Eduardo Chinelate Costa, Alex Borges Vieira, Klaus Wehmuth, Artur Ziviani, Ana Paula Couto da Silva
There is an ever-increasing interest in investigating dynamics in time-varying graphs (TVGs). Nevertheless, so far, the notion of centrality in TVG scenarios usually refers to metrics that assess the relative importance of nodes along the temporal evolution of the dynamic complex network. For some TVG scenarios, however, more important than identifying the central nodes under a given node centrality definition is identifying the key time instants for taking certain actions.
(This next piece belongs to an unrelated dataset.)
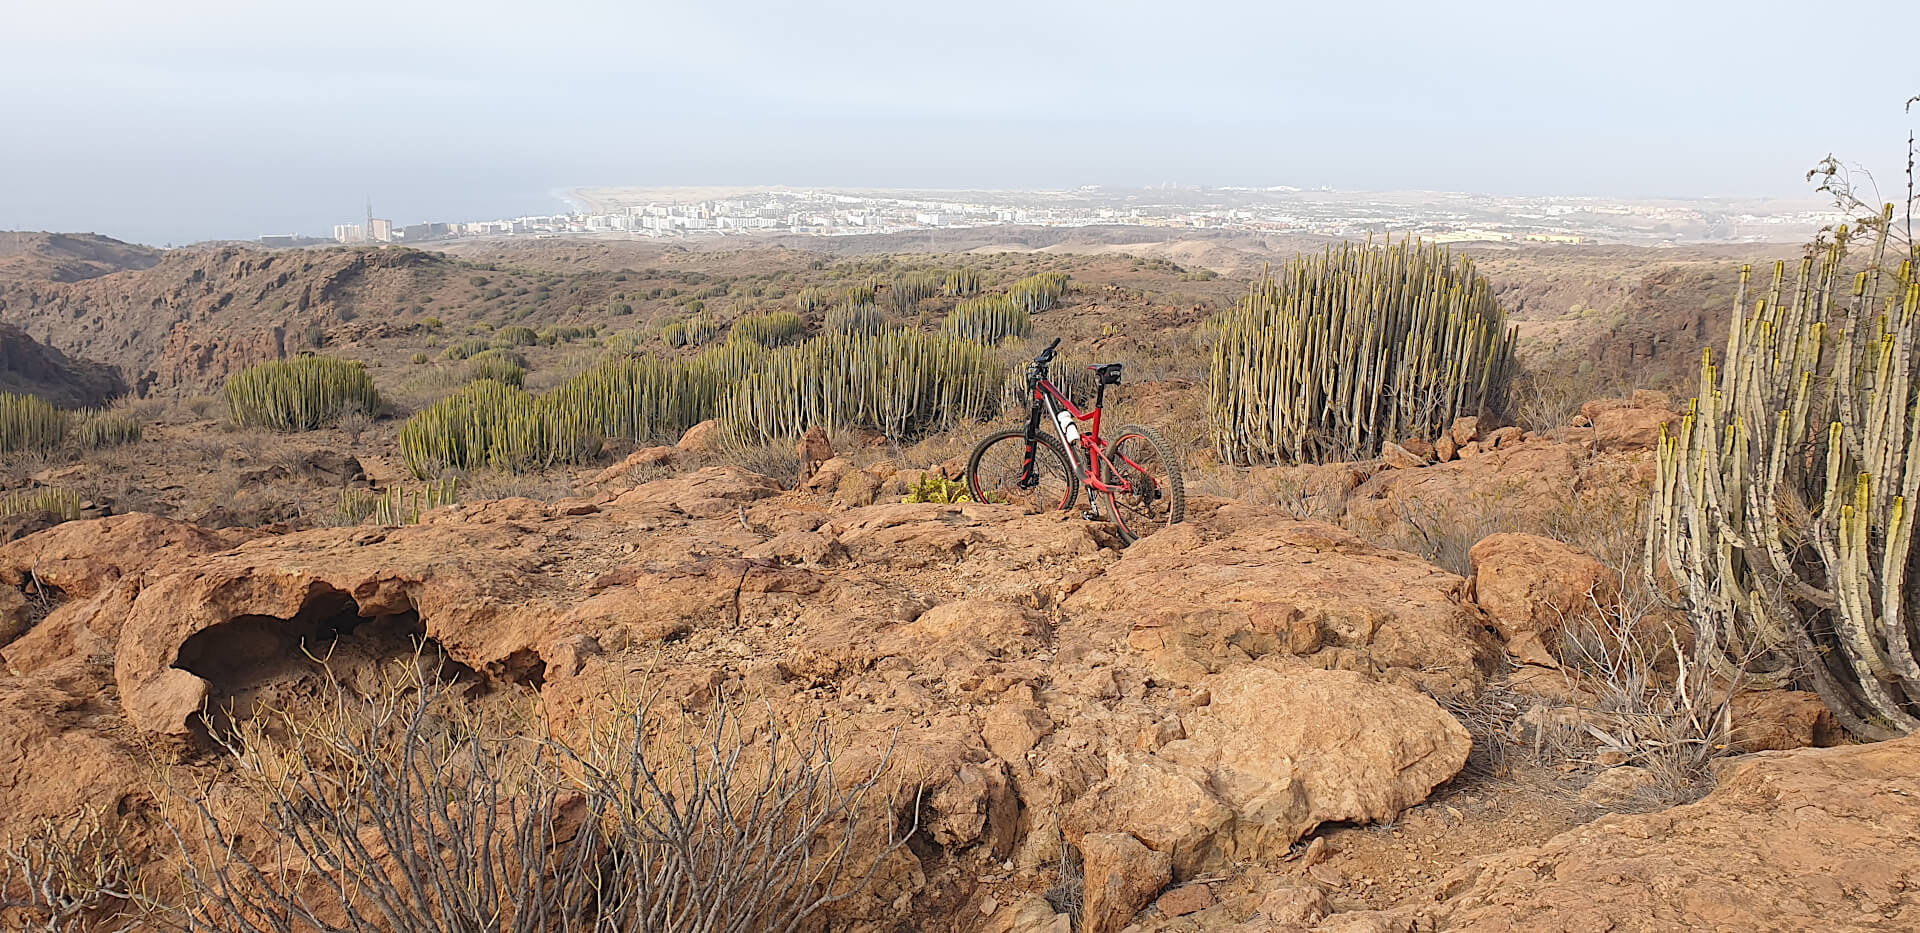 Ruta de enduro MTB - Barrando del Toro, Gran Canaria

In this paper, we thus introduce and investigate the notion of time centrality in TVGs. Analogously to node centrality, time centrality evaluates the relative importance of time instants in dynamic complex networks. In this context, we present two time centrality metrics related to diffusion processes. We evaluate the two defined metrics using both a real-world dataset representing an in-person contact dynamic network and a synthetically generated randomized TVG. We validate the concept of time centrality showing that diffusion starting at the best classified time instants (i.e. the most central ones), according to our metrics, can perform a faster and more efficient diffusion process.